About this exercise: Starting at the line that contains "XTRATUF Women's Salmon", transcribe each line through the end of the material below, exactly and nothing else, leaving out the pictures.

-------- Supplied material --------

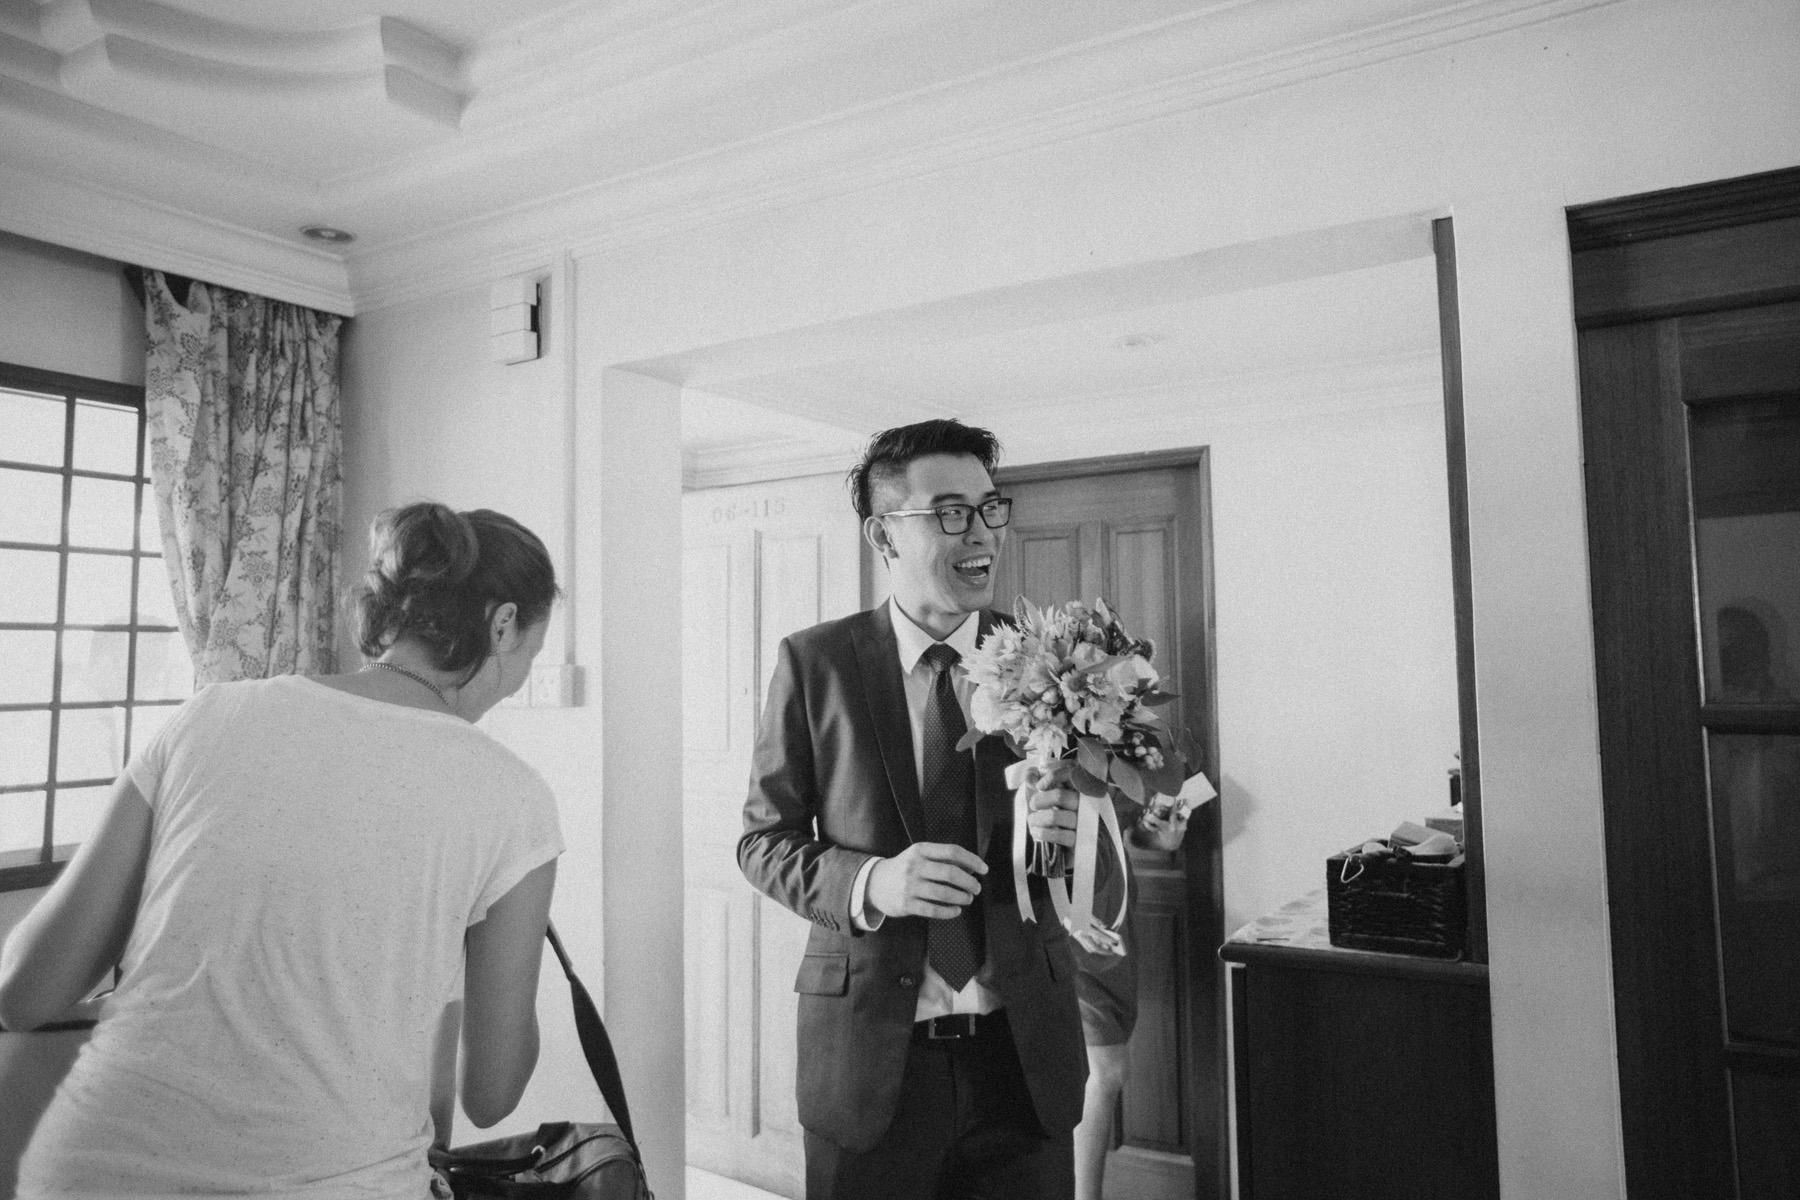 singapore-wedding-travel-photographer-faith-alvin-wedding-wmt-10.jpg
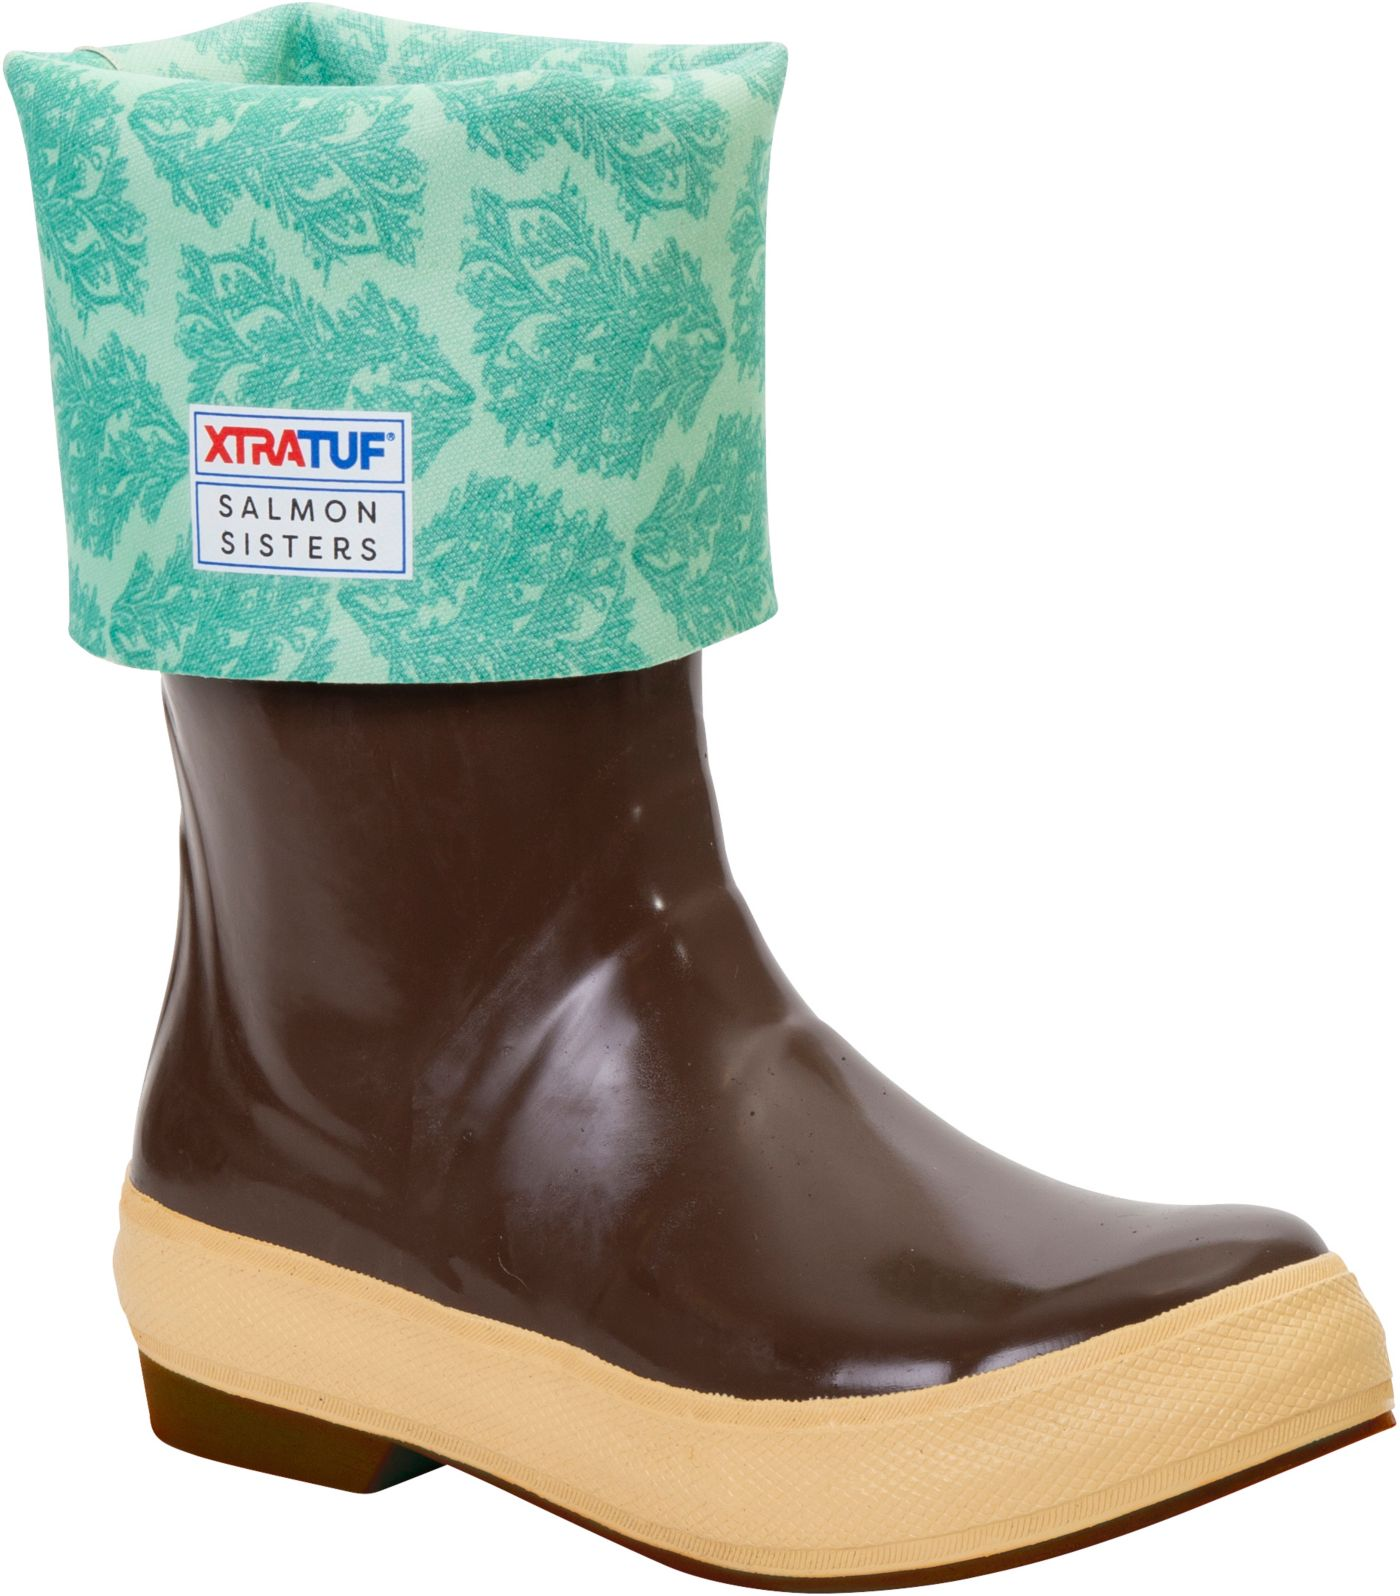 XTRATUF Women's Salmon Sisters 15'' Legacy Rubber Boots
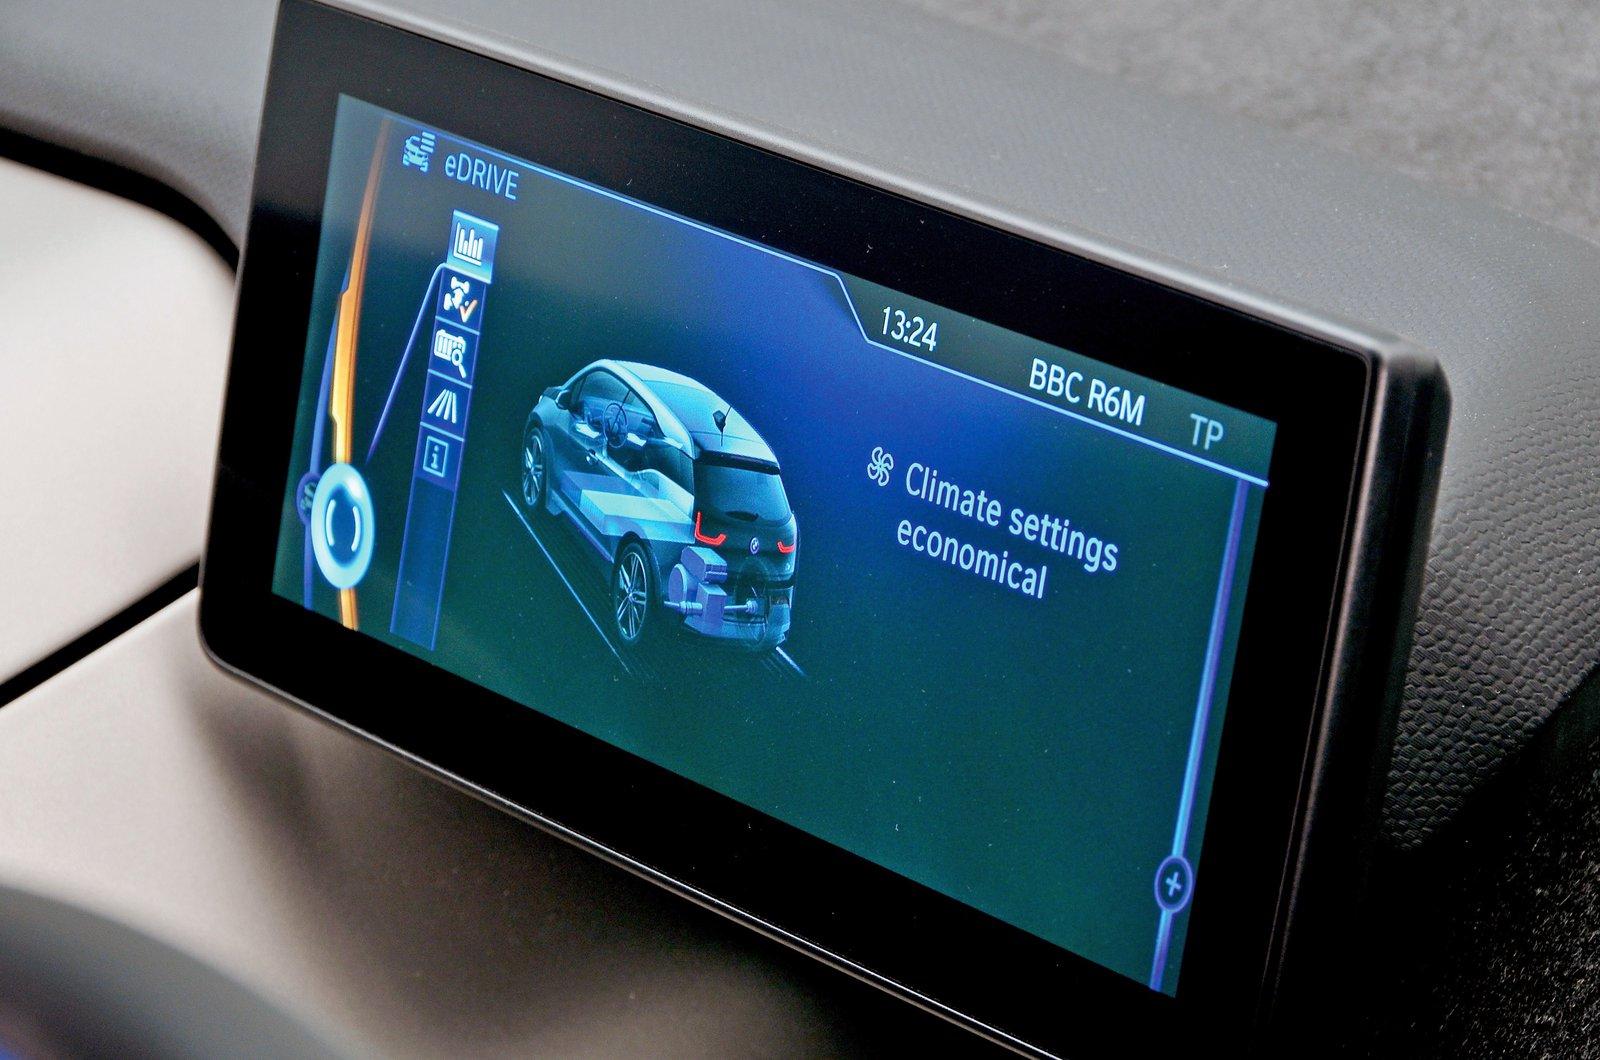 BMW i3 infotainment screen

--------

Your solution:
 XTRATUF Women's Salmon Sisters 15'' Legacy Rubber Boots
 BMW i3 infotainment screen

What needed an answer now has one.